* [Data extract]
════════════════════
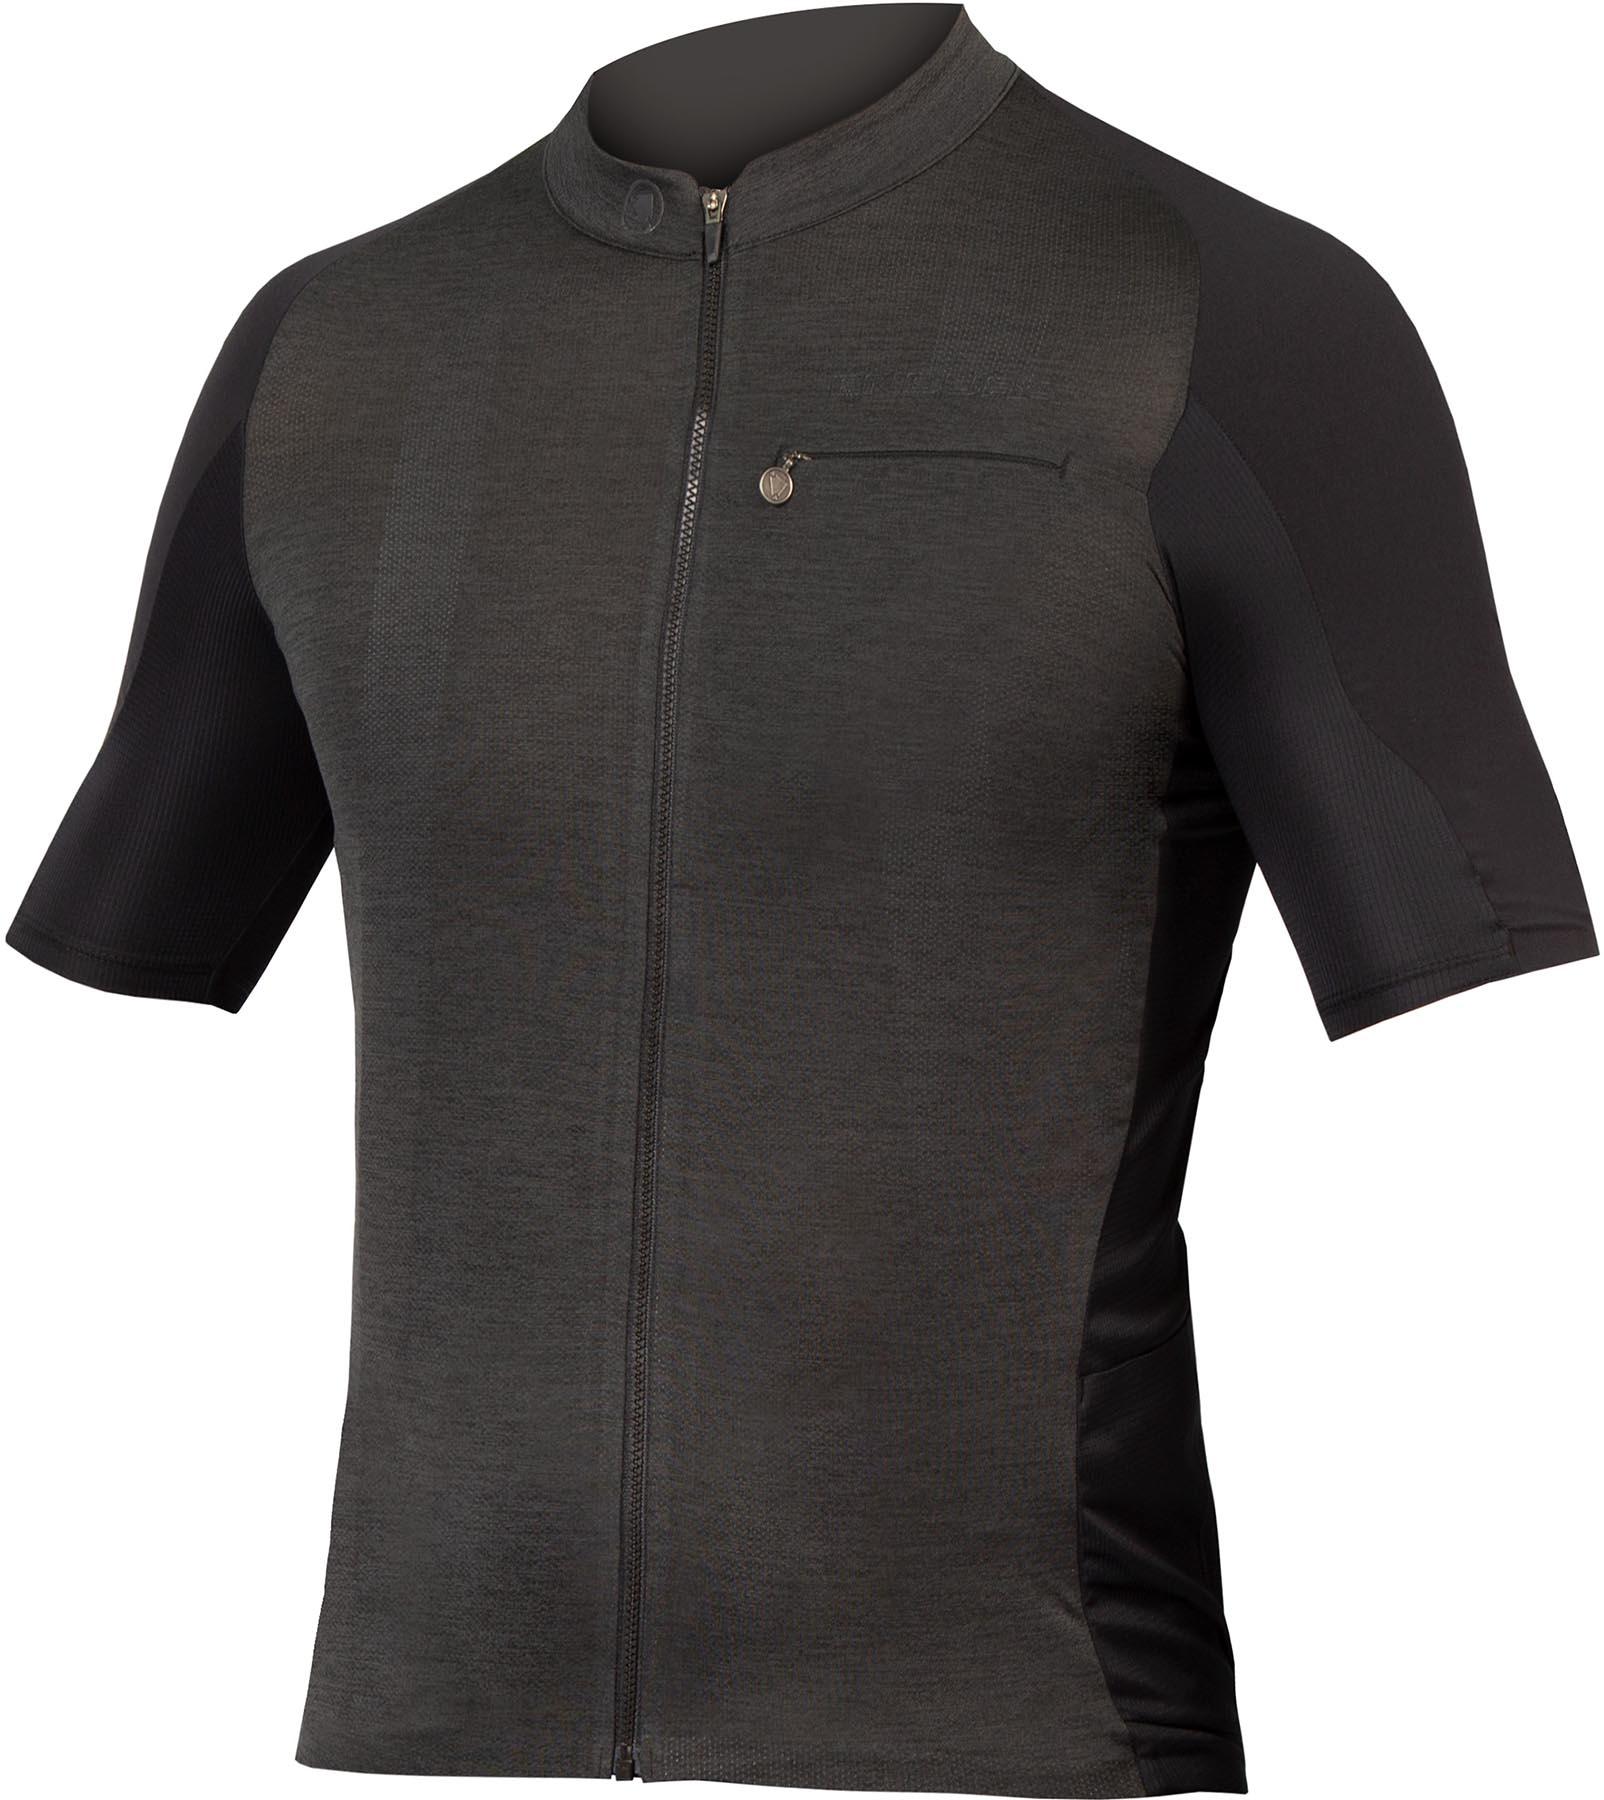 Endura Gv500 Reiver Short Sleeve Cycling Jersey - Black
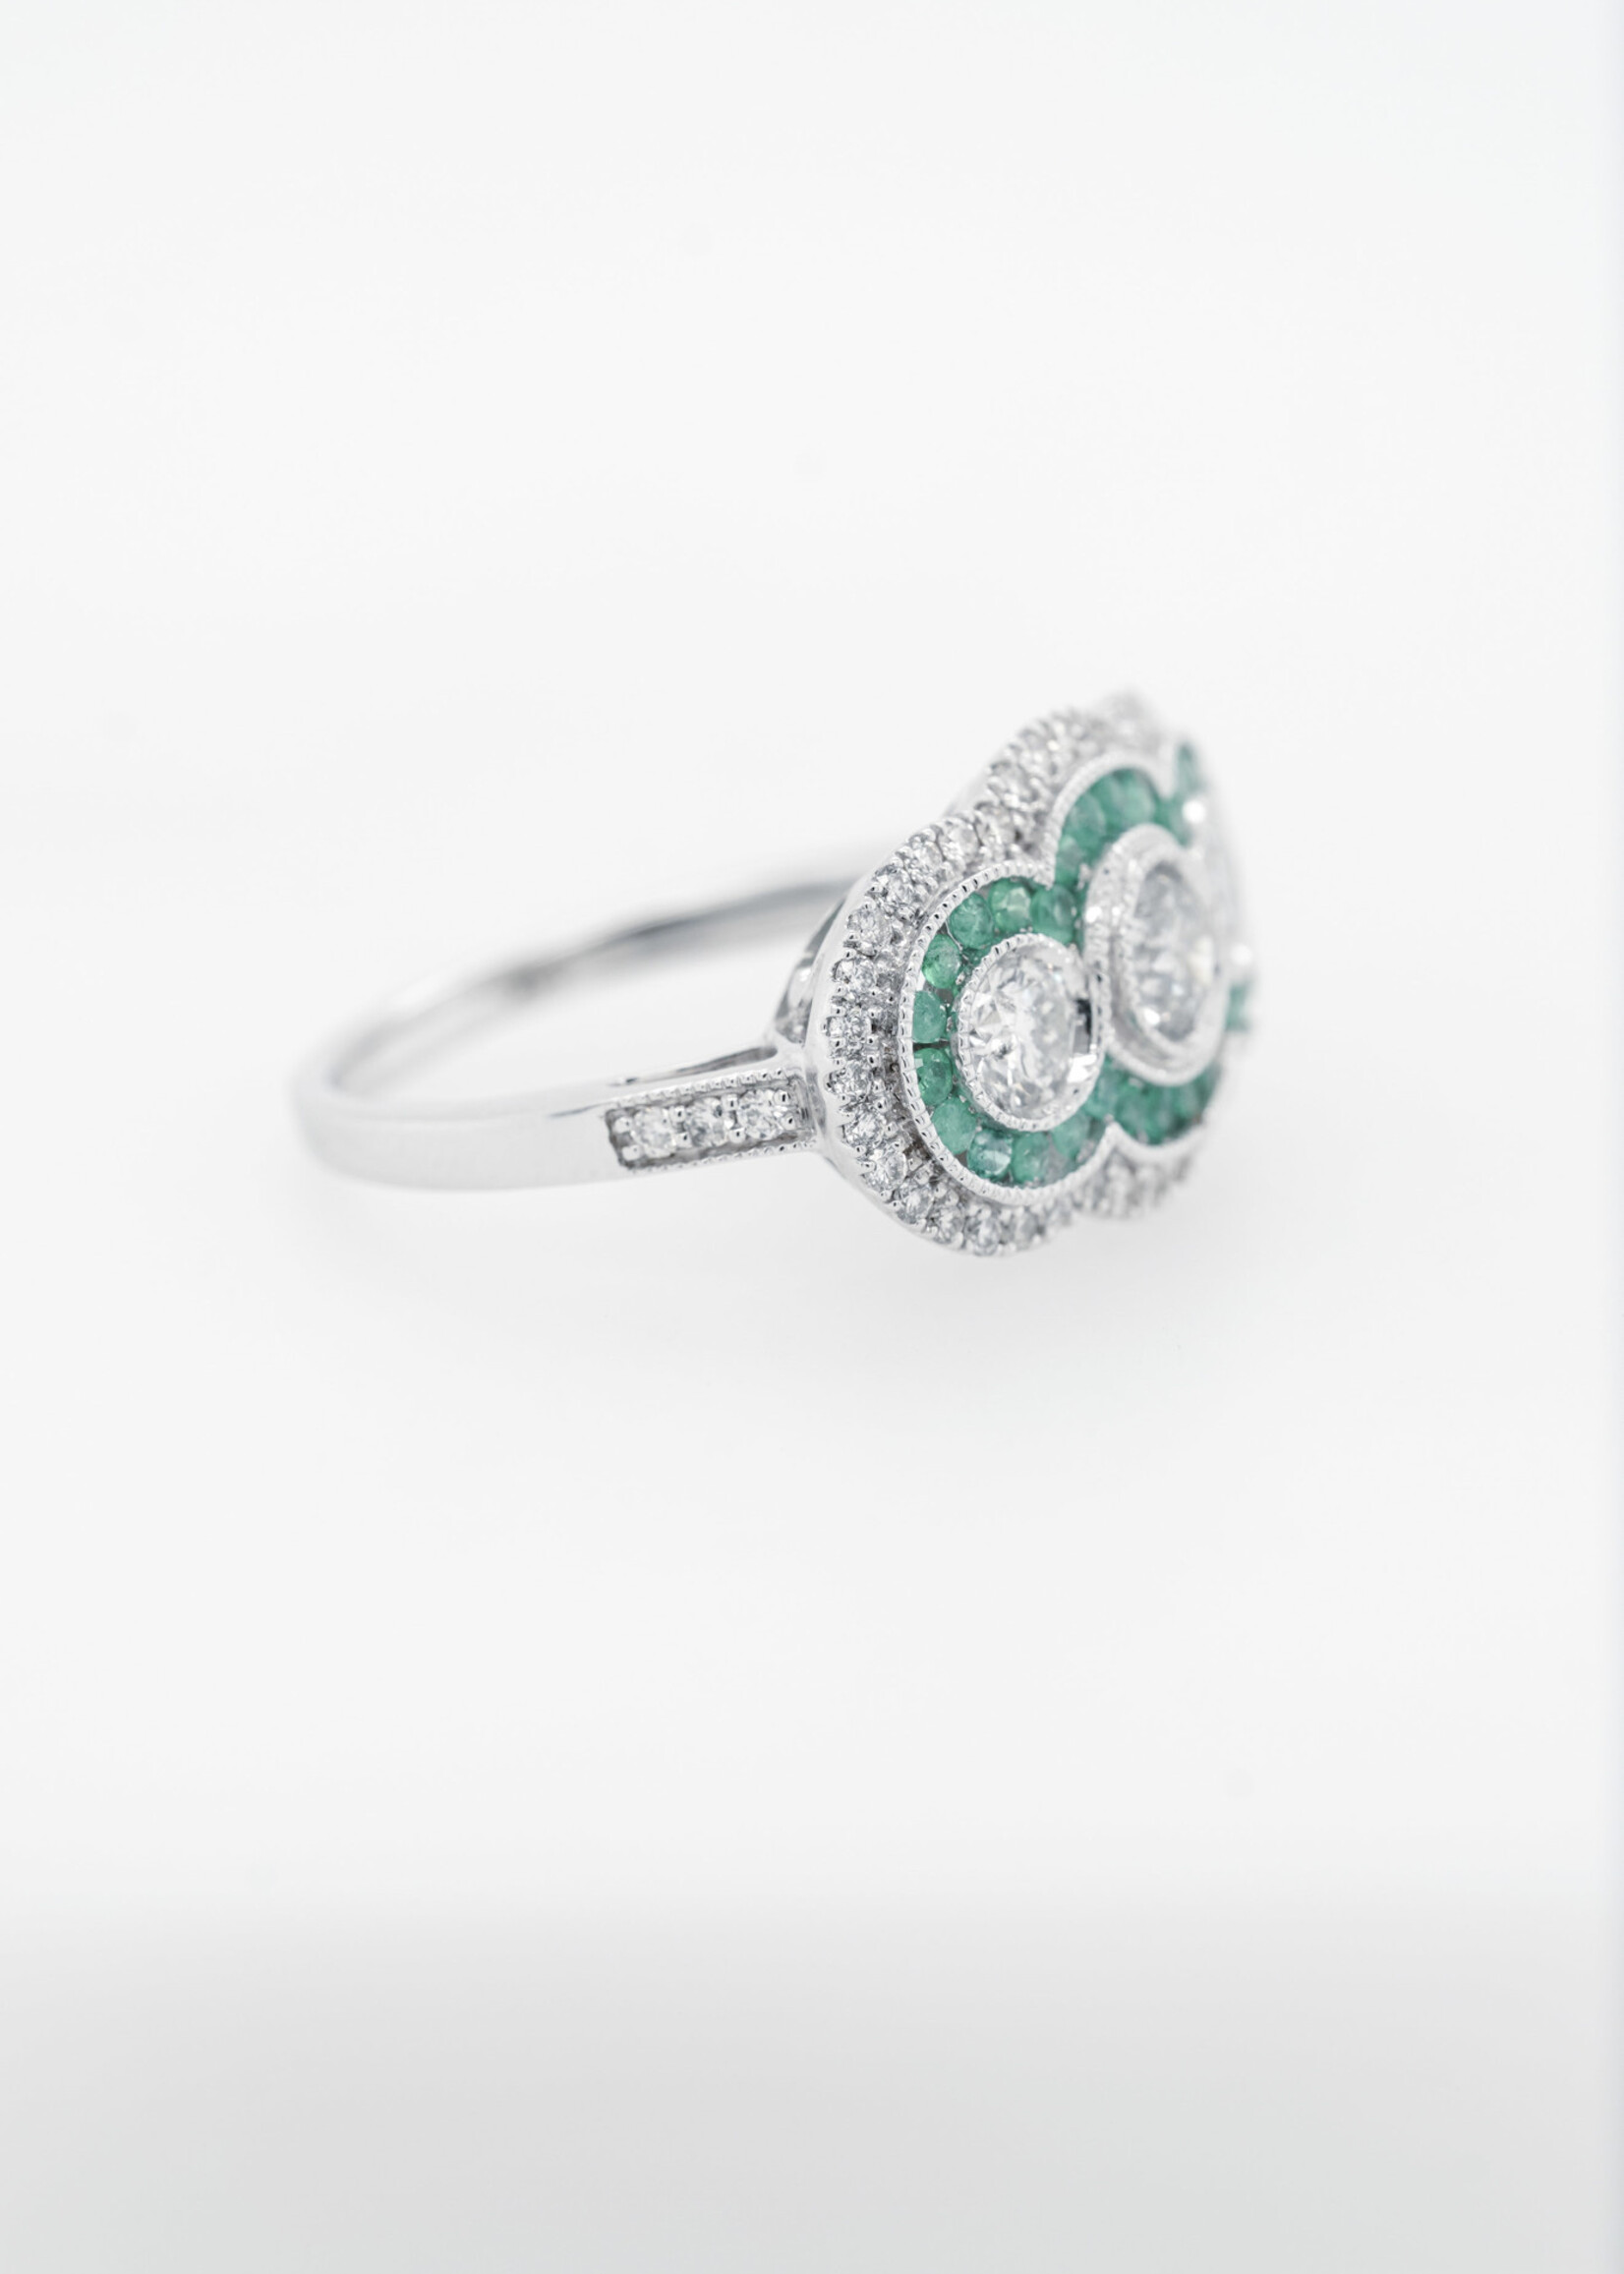 14KW 4.4g 1.13ctw Emerald & Diamond Vintage Inspired Ring (size 7.25)
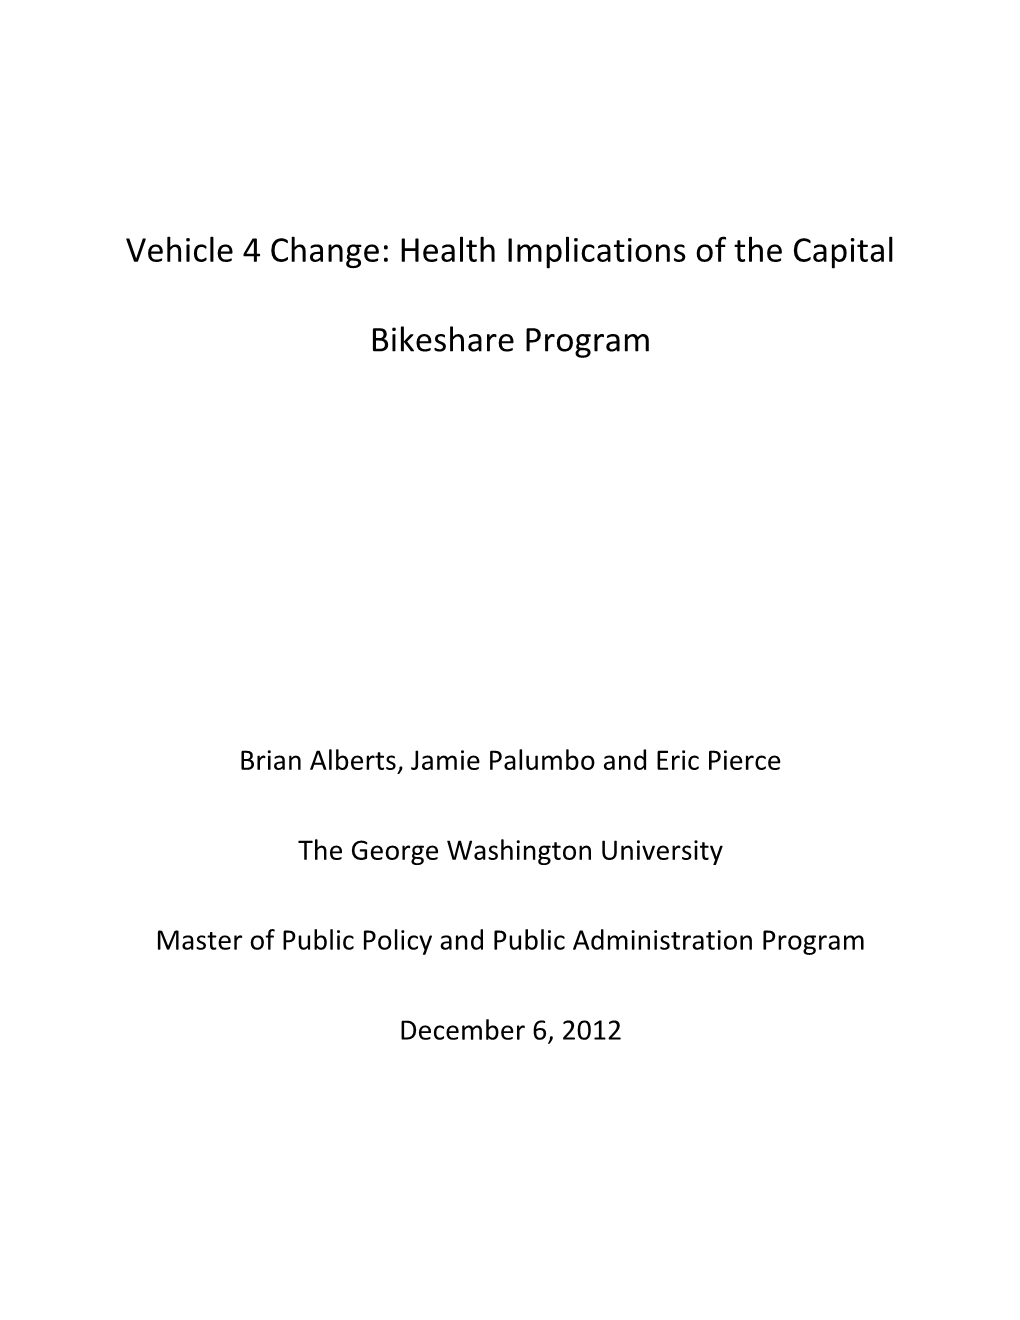 Vehicle 4 Change: Health Implications of the Capital Bikeshare Program
════════════════════
* [What is expected]
For this exercise, retype the listing above word for word and omit the pictures.

* [Expected answer]
 Endura Gv500 Reiver Short Sleeve Cycling Jersey - Black
 14KW 4.4g 1.13ctw Emerald & Diamond Vintage Inspired Ring (size 7.25)
 Vehicle 4 Change: Health Implications of the Capital Bikeshare Program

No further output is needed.